How would you adopt it to work with the existing internet?

Through a campaign to register your root in all the resolvers. The only thing that makes ICANN authoritative is that all the DNS resolvers clone the data from its servers. DNS resolvers can pull data from other places as well, and often do. The challenge would be to build universal consensus that your system has value. The more resolvers you can convince the more users will be able to resolve your names.

I question things because I am human. And call no one my father who's no closer than a stranger

Posted

Before we go too far down this road, you might need to be reminded that most of the infrastructure of the Internet, basic protocols and such, were in fact invented by Americans working for the American government, and at least initial roll-outs were pretty much completely funded by the American government. Those protocols and standards were adopted by other countries, but certain core infrastructure functions remained in American hands.

As to the rest of your post, well, it's just a bunch non-sequiturs strung together. You're giving me a pretty good picture of the penis envy the Chinese have for the US, though.

Yes, American companies define the protocols, and standards, and force others to use it, and kill other standards, and make lots of that to be confidential. So that only small number of companies profit from it.

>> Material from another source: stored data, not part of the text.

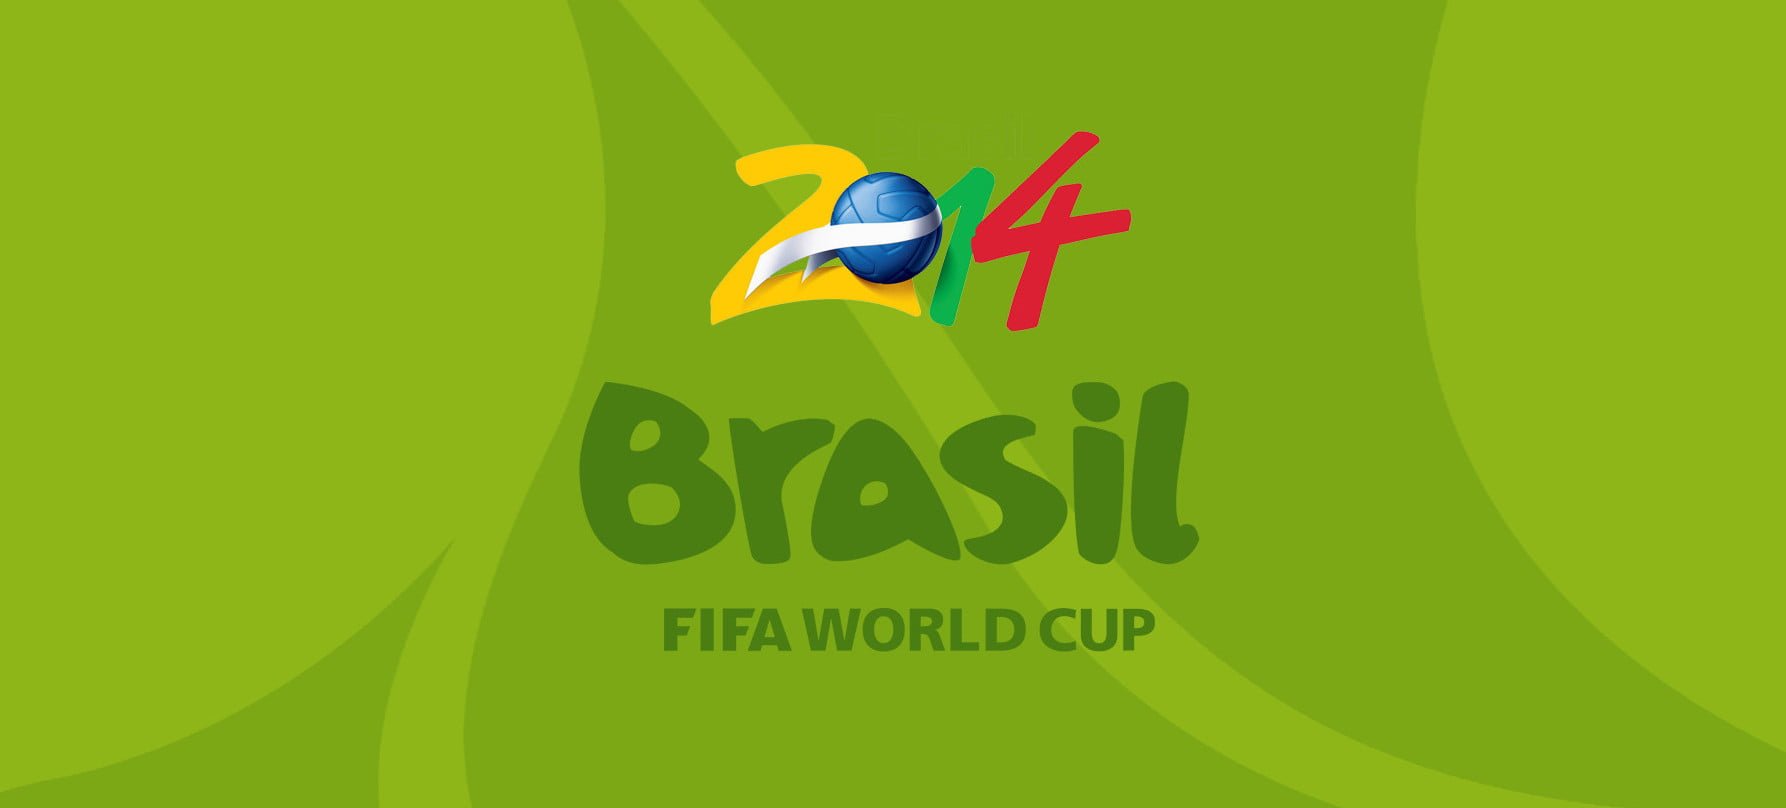 Agrega los 64 partidos de Brasil 2014 a tu calendario en 1 minuto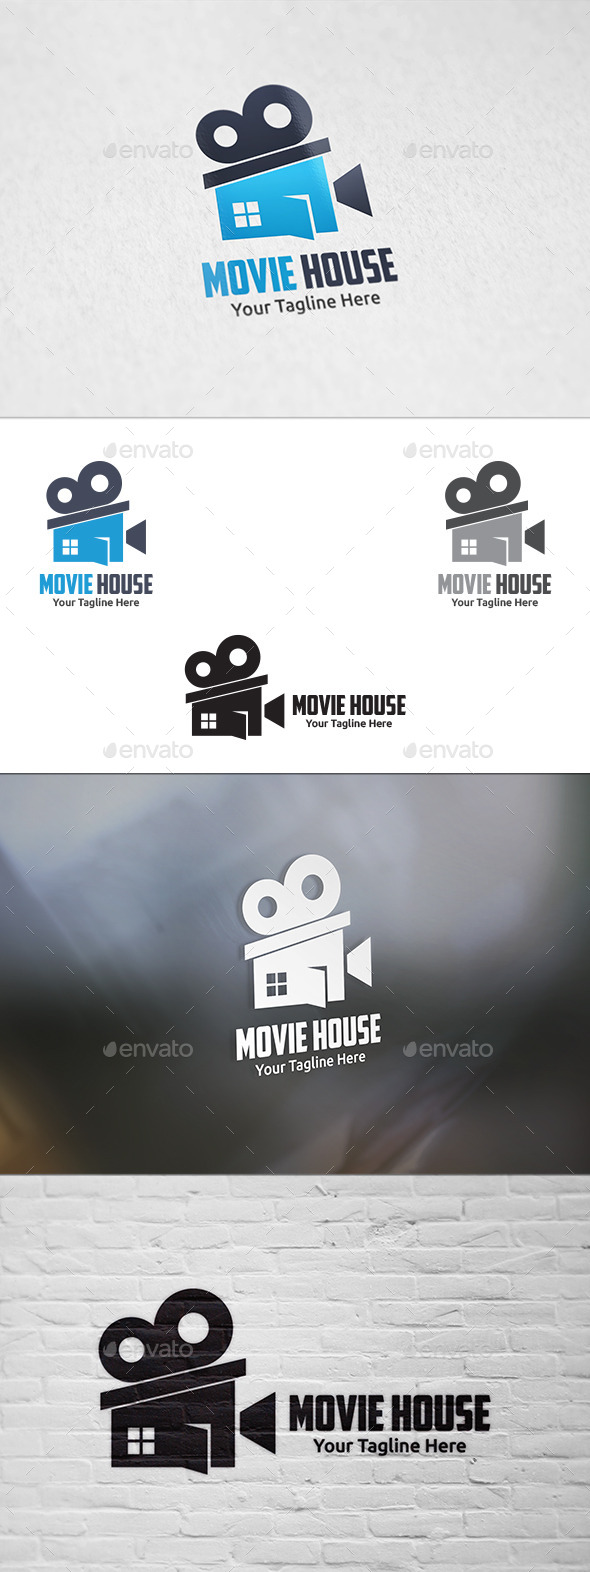 Movie House - Logo Template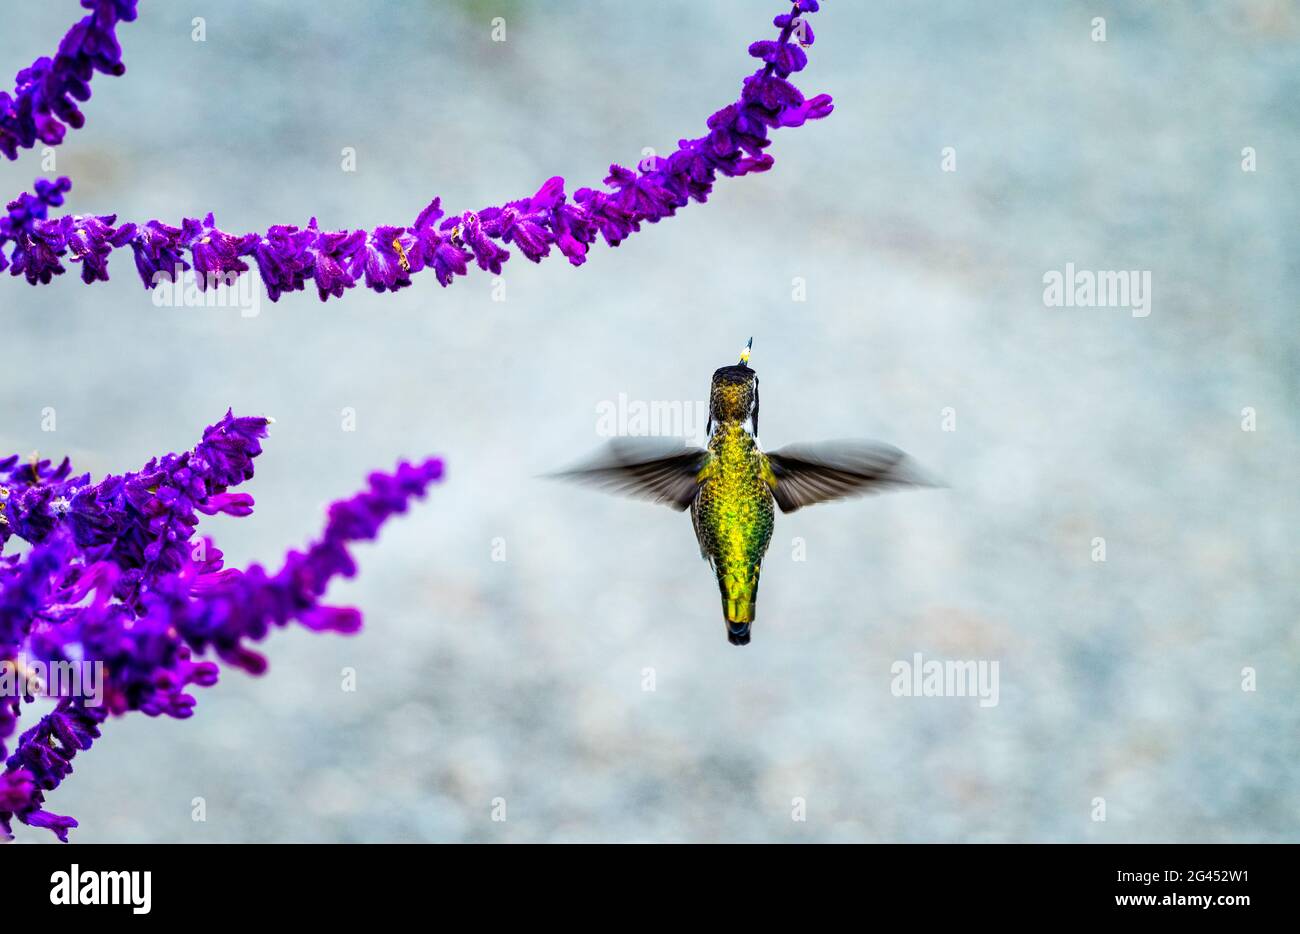 Single hummingbird hovering near purple flowers Stock Photo

What they did is just the same as what Apple did, who tell others that flash is slow but just make Mac OS X does not expose access to the required APIs for hardware accelerator. http://www.readwriteweb.com/archives/does_html5_really_beat_flash_surprising_results_of_new_tests.php . That is what they always did. Countless standards and system had been killed by US companies, include Europe Galileo satellite system, which is almost killed. In this way they make huge profit that are more than any explicit robbery.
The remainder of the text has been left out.